In the United Kingdom, first production from the Clair Field (AHC 9.29%) is expected in 2005 and from the Atlantic (AHC 25%) and Cromarty (AHC 90%) gas fields in 2006. Combined net production from these three fields is expected to exceed 25,000 barrels of oil equivalent per day in 2006.

In the Norwegian North Sea, enhanced recovery from the Valhall field (AHC 28.09%) has begun with flank development wells coming onstream in 2003 and water injection commencing in the first quarter of 2004. The Snohvit project (AHC 3.26%), in the Barents Sea offshore Norway, will be Europe’s first LNG export facility when gas production and liquefaction begin by 2006.

In Equatorial Guinea, the results of an extended appraisal drilling program are being incorporated into the development plan for the Northern Block G discoveries (AHC 85%). It is anticipated that the development plan will be submitted for government approval in the second quarter of 2004.
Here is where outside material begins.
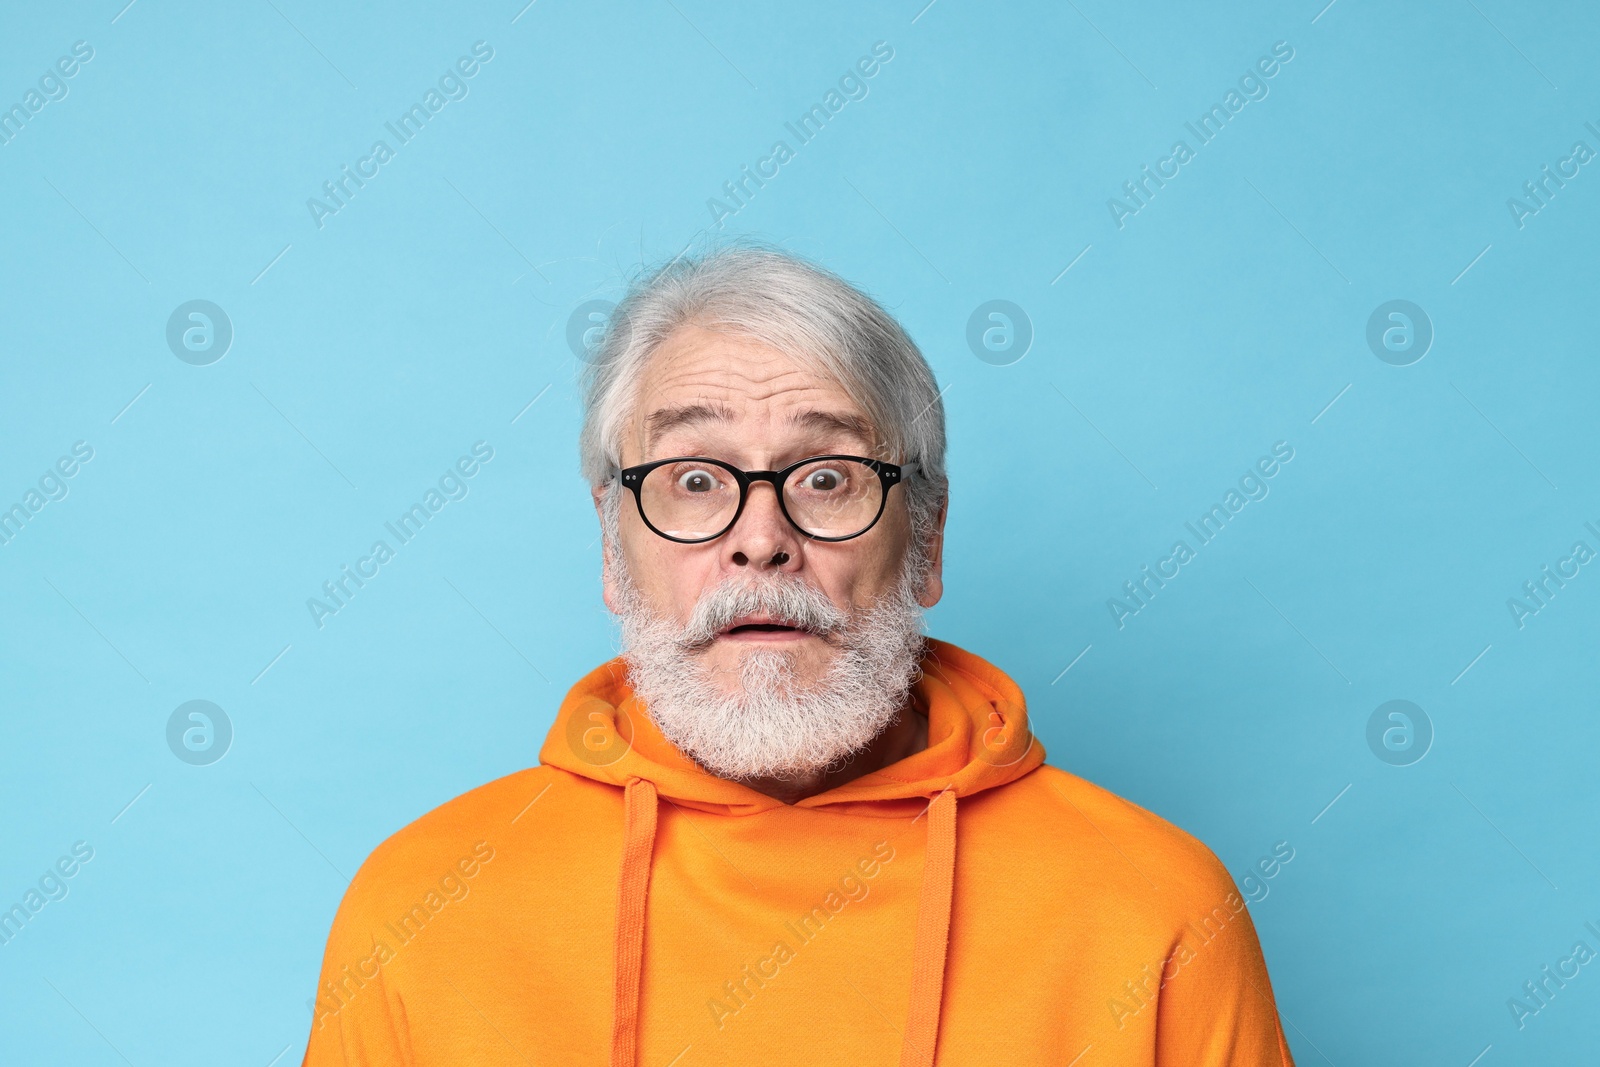 Photo of Senior man with mustache on light blue background

Development of the giant Azeri, Chirag and Guneshli fields (AHC 2.72%), in Azerbaijan, is on schedule. Net production is currently 2,000 barrels of oil equivalent per day, and is expected to increase to over 25,000 barrels per day by 2009.

EXPLORATION

Exploration is a key component of future growth. Amerada Hess has a strong position in the deep-water Gulf of Mexico, with leasehold interests in 291 blocks and over 4,000 blocks of 3D seismic coverage. In 2003, two key discoveries were made in this area:

  Successful appraisal drilling was conducted at the 2002 Shenzi discovery (AHC 28%), on Green Canyon Block 654. The Shenzi-2 well, located in 4,238 feet of water, encountered about 500 feet of net pay. Further appraisal drilling is planned in 2004.
 
  The Tubular Bells discovery well (AHC 20%) in Mississippi Canyon Block 725, located in 4,300 feet of water, was drilled to a depth of 31,131 feet. The well encountered 190 feet of net oil pay. Further appraisal drilling is planned in late 2004.

In northeastern Thailand, a successful appraisal well was drilled on Phu Horm Block E5N (AHC 35%). A flow test was completed with a stabilized gas rate of 31.5 million cubic feet per day. Additional appraisal drilling is planned in 2004.
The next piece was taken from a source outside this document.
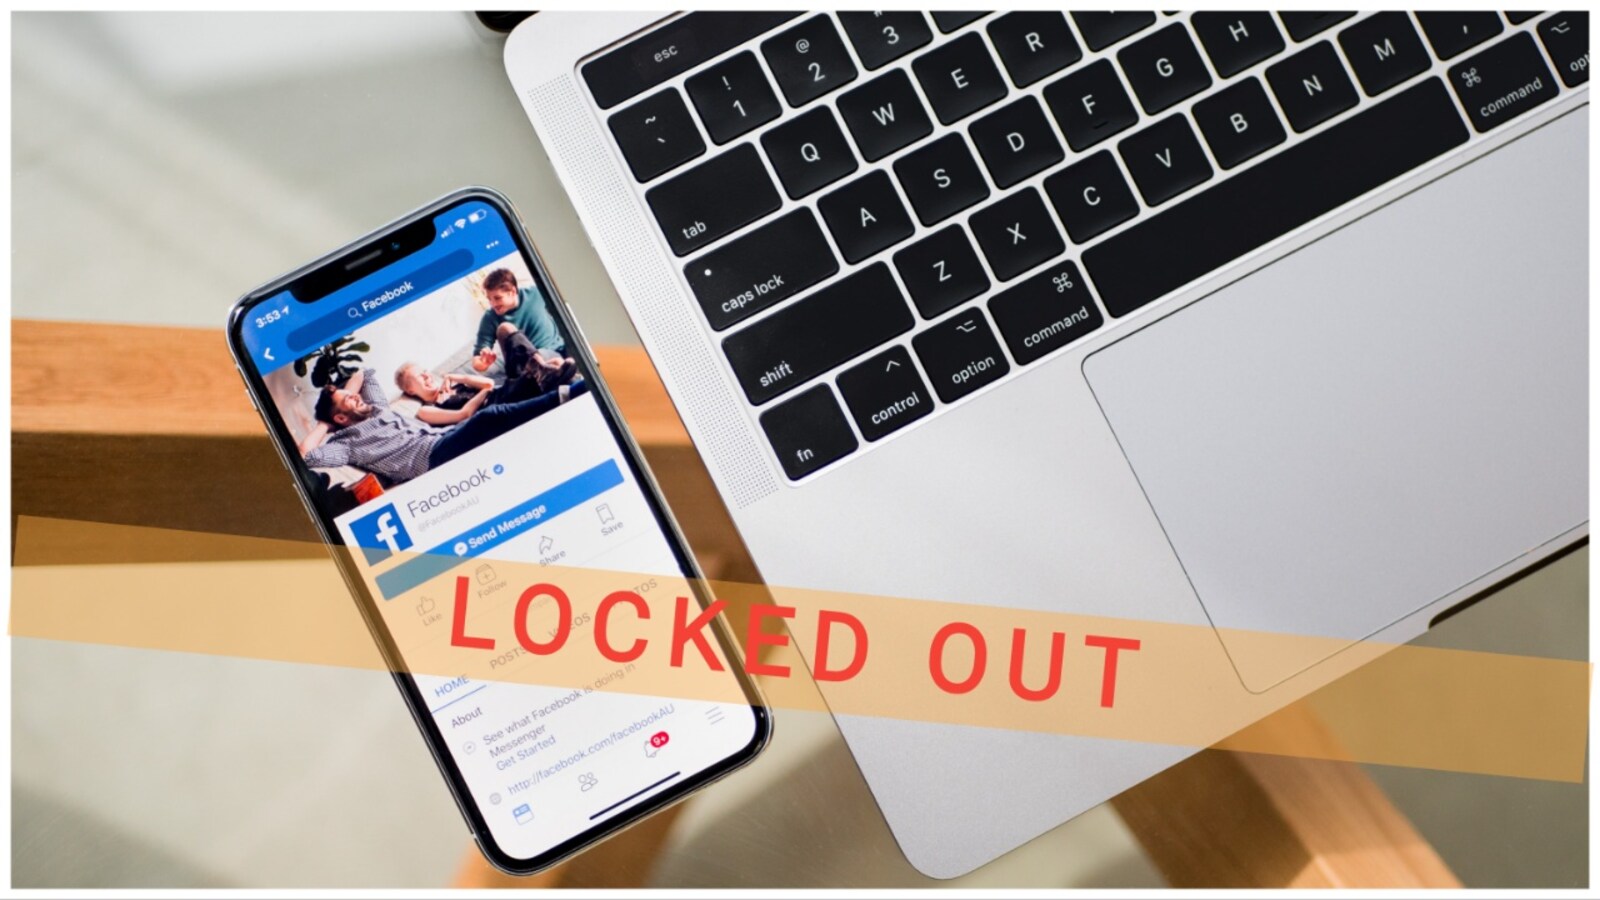 Man sues Facebook, gets Rs 41 lakh compensation for locking him out of his account

Amerada Hess made a new discovery on Block 401c (AHC 60%), in Algeria. An extensive seismic program is underway, with more drilling scheduled for the second half of 2004.

11


 

Refining and marketing continues to be an important profit and cash generator for the Corporation, with growth opportunities in both retail and energy marketing. In 2003, refining and marketing achieved its best financial performance in 10 years.

REFINING & MARKETING

REFINING

The HOVENSA refinery in the United States Virgin Islands is jointly owned by the Corporation and Petroleos de Venezuela (PDVSA). It is one of the largest refineries in the world. The facility is strategically located in the Caribbean, allowing for short crude supply lines from Venezuela, as well as easy access to U.S. Gulf and East Coast product markets.

In 2003, the refinery successfully completed the first year of operation of a 58,000 barrel per day coking unit. Gross crude runs at the refinery averaged 440,000 barrels per day for 2003, which, combined with improved refining margins, resulted in a significant improvement in financial performance versus 2002.

The Corporation’s fluid catalytic cracking unit in Port Reading, New Jersey produces high-quality, clean-burning gasoline for northeast markets.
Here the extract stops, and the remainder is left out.